18 January 2017

Quartz: Welcome to an emerging Asia: India and China stop feigning friendship while Russia plays all sides

China has upped the ante, indicating a willingness to help Pakistan increase the range of its nuclear missiles. China’s official mouthpiece, Global Times, contended in an editorial: “if the Western countries accept India as a nuclear country and are indifferent to the nuclear race between India and Pakistan, China will not stand out and stick rigidly to those nuclear rules as necessary. At this time, Pakistan should have those privileges in nuclear development that India has.” [...]

Faced with an intransigent China, India under the centre-right government led by Narendra Modi is busy reevaluating its China policy. Modi’s initial outreach to China soon after coming to office in May 2014 failed to produce any substantive outcome and he has since decided to take a more hard-nosed approach. New Delhi has strengthened partnerships with like-minded countries, including the United States, Japan, Australia, and Vietnam. India has bolstered its capabilities along the troubled border with China and the Indian military is operationally gearing up for a two-front war. India is also ramping up its nuclear and conventional deterrence against China by testing long-range missiles, raising a mountain strike corps for the border with China, enhancing submarine capabilities, and basing its first squadron of French-made Rafale fighter jets near that border. [...]
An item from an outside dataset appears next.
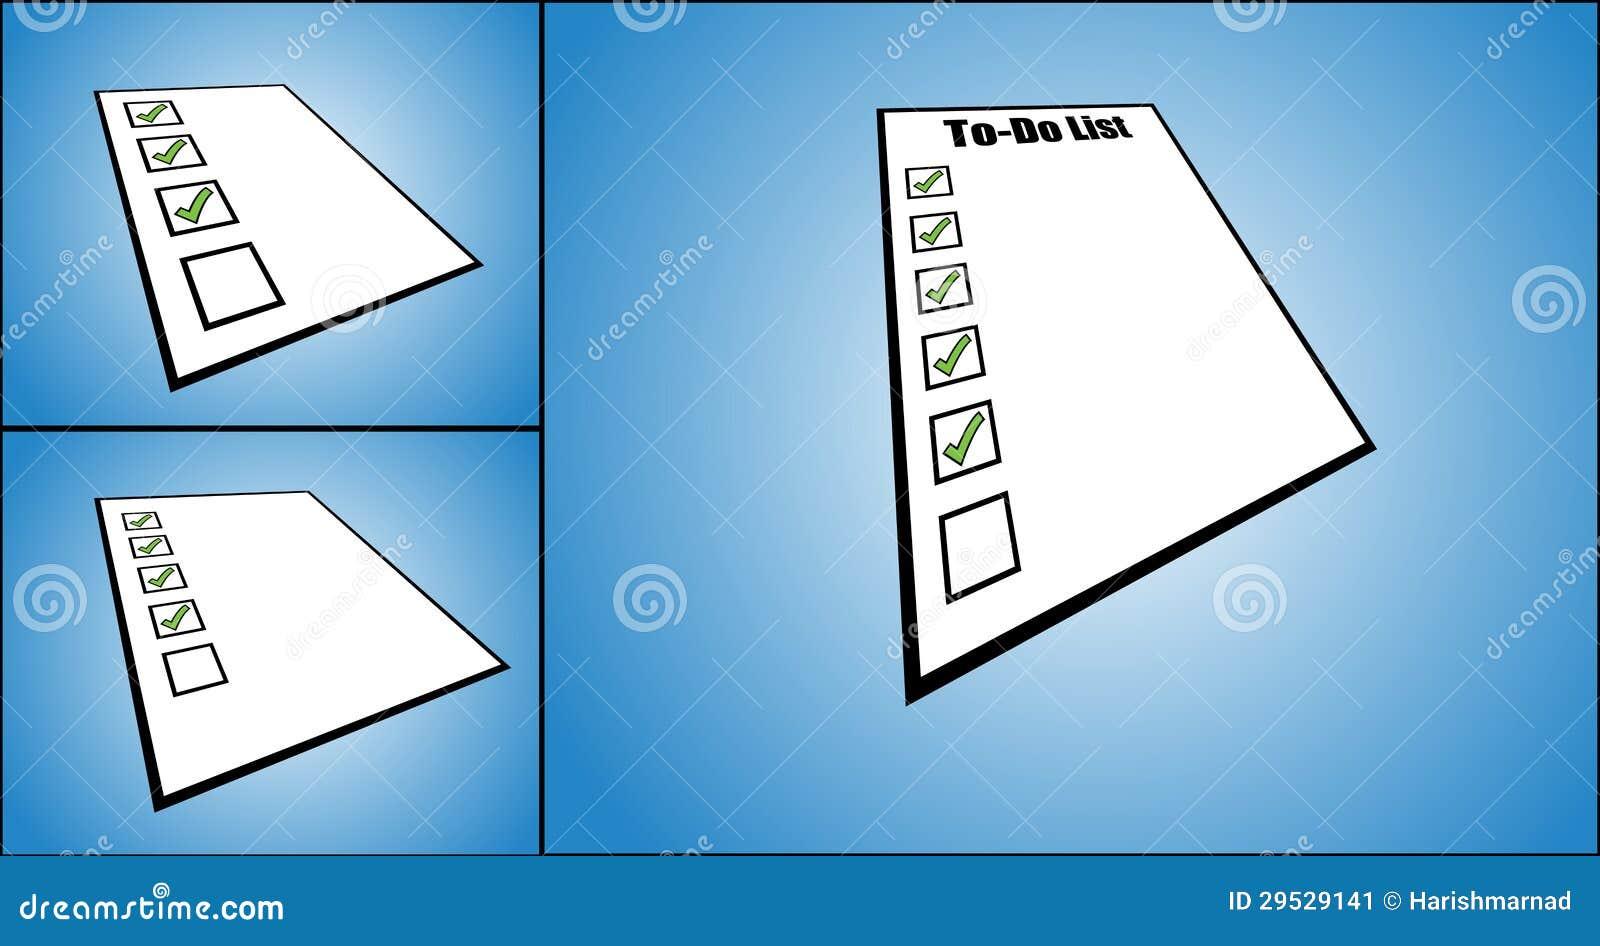 Ilustração do conceito de para fazer a lista ou a lista de tarefa

This Sino-Indian geopolitical jostling is also being shaped by the broader shift in global and regional strategic equations. Delhi long took Russian support for granted. Yet, much to India’s discomfiture, China has found a new ally in Russia which is keen to side with it, even as a junior partner, to scuttle western interests. Historically sound Indo-Russian ties have become a casualty of this trend and to garner Chinese support for its anti-West posturing, Russia has refrained from supporting Indian positions.